The European Council website explains that the package is aimed to strengthen the existing restrictions and prevent their circumvention. "By tackling sanctions circumvention, we will maximize pressure on Russia by depriving it further of the resources it so desperately needs," chief European diplomat Josep Borrel said.

Provisions of the 11th package affect 87 entities allegedly supporting Russia’s defense industry. Also, another 100 individuals have been added to the sanctions list. A block of restrictions against the energy sector is spelled out separately, including oil transportation bans along the northern thread of the Druzhba oil pipeline (to Poland and Germany), and those on Russian tankers calling in the ports/locks of Europe if suspected of ship-to-ship oil transfer.

Thus, the targeted vessels are those suspected by cognizant authorities of a European country of violating the import bans for Russian crude and petrochemicals to the EU that came into force on December 5, 2022 and February 5, 2023, respectively. Those are third country-meant raw stuff purchased at prices exceeding the established price caps ($60 per barrel for oil; $45 or $100 per barrel for petrochemicals, depending on substance classification). Cognizant authorities should also ban port entry unless the carrier notifies of any ship-to-ship operation taking place in the exclusive economic zone of an EU member state, or within 12 nautical miles from its coastline at least 48 hours before. The port/lock entry ban will also be introduced if a tanker carrying oil/ petrochemicals turns off transponders to conceal its location, or distorts instrumental data.

The northern thread situation is rather comical — it hasn’t long been used, with Germany and Poland having waived it earlier. So, this part of sanctions is a mere formality, even though the EU’s legal space has become wider, which seems essential to its bureaucracy.

The southern Druzhba thread running via Ukraine to the Czech Republic, Slovakia and Hungary, has remained beyond sanctions, just like Russian LNG. And yet, some states of the Euro-camp have sought to outlaw Russian pipeline oil and LNG as part of the June package.

It is true that Druzhba pumps Kazakh oil, and the EU happily "accepts" it, which will keep being the case. Moreover, the 11th package stipulates that Brussels ease certain export restrictions against Russia to ensure further maintenance of the Caspian Pipeline Consortium (CPC). The EC website press release reads that energy moves provide for "insertions of strict and very targeted derogations to the existing export bans to enable the maintenance of the CPC (Caspian Pipeline Consortium) pipeline which transports Kazakh oil to the EU through Russia."

A Eurostat report of June 19 notes that March 2023 saw a decrease in Russian imports of oil and petrochemicals to the EU to 1.4 million tons. The figure is 90% lower than the average monthly volume in 2019 to 2022, which amounted to 15.2 million tons. Moscow, as you know, is eminently responding to Brussels’ challenges with an accelerated energy exports pivot. Even Western agencies keep permanently “trumpeting” Russia’s remarkable progress in oil shipments.

The EU's effort to reset the import of Russian energy carriers harms the issuer itself.

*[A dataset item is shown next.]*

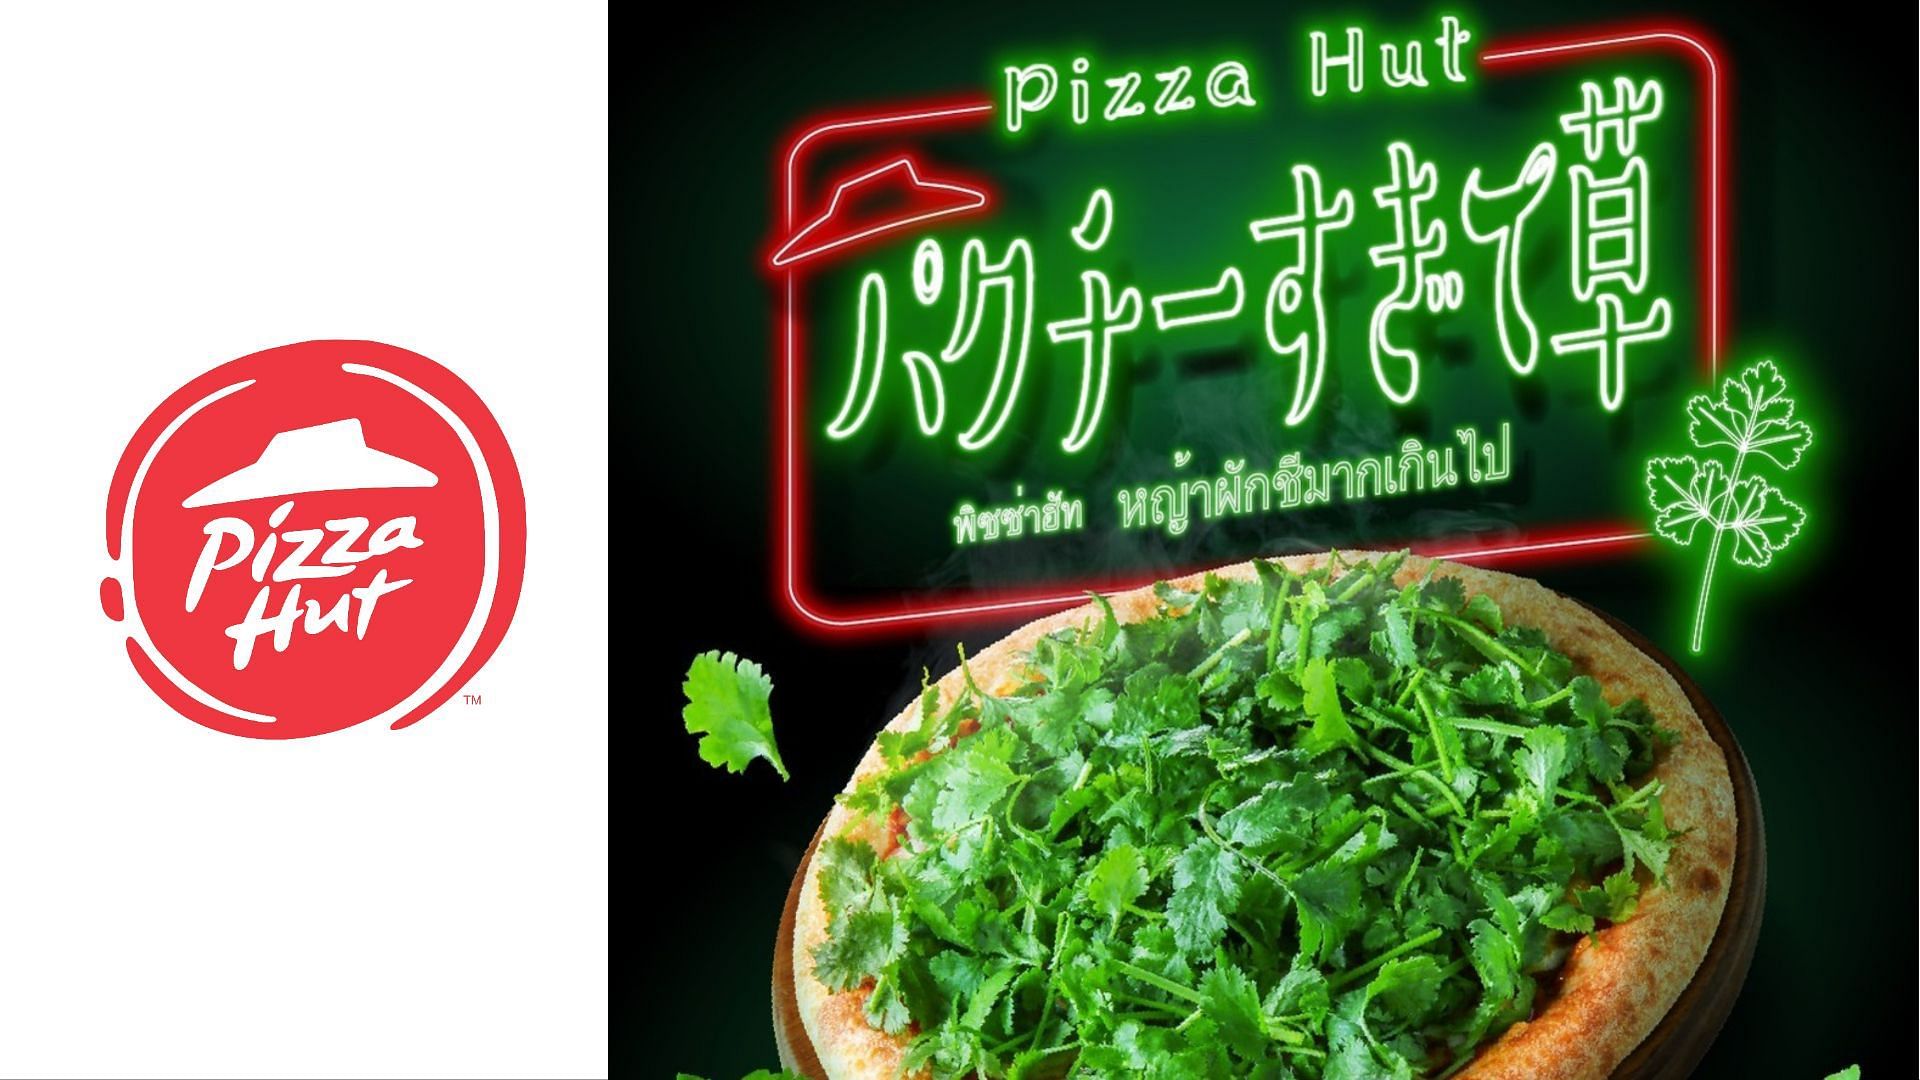 Pizza Hut Japan introduces a new Cilantro pizza (Image via Pizza Hut Japan)

European refiners switch to Russian oil alternatives and disrupt the existing delivery channels, generating prodigious costs. Daniel Obajtek, CEO of Poland’s PKN Orlen, illustrated initiatives by the European bureaucracy as self-destructive in a May interview with the Financial Times (FT). He complained that replacing Russian crude costs his company a daily $27 million. It does not take a mathematician to calculate that its monthly losses account for some $800 million. Such costs may well result in bankruptcy or proactivity of European business in preventing the collapse of local refinery operations, raising the issue of at least partially restoring energy cooperation with Russia. But this is not observed yet.

Meanwhile, Eurostat has revised the seasonally adjusted GDP of the euro area for the first quarter 2023 to -0.1%, same as the quarter before in Q4 2022, thereby meeting the definition of a technical recession defined as a GDP drop during at least two successive quarters. European Commission spokesperson confirmed the fact of recession, though futile to this date.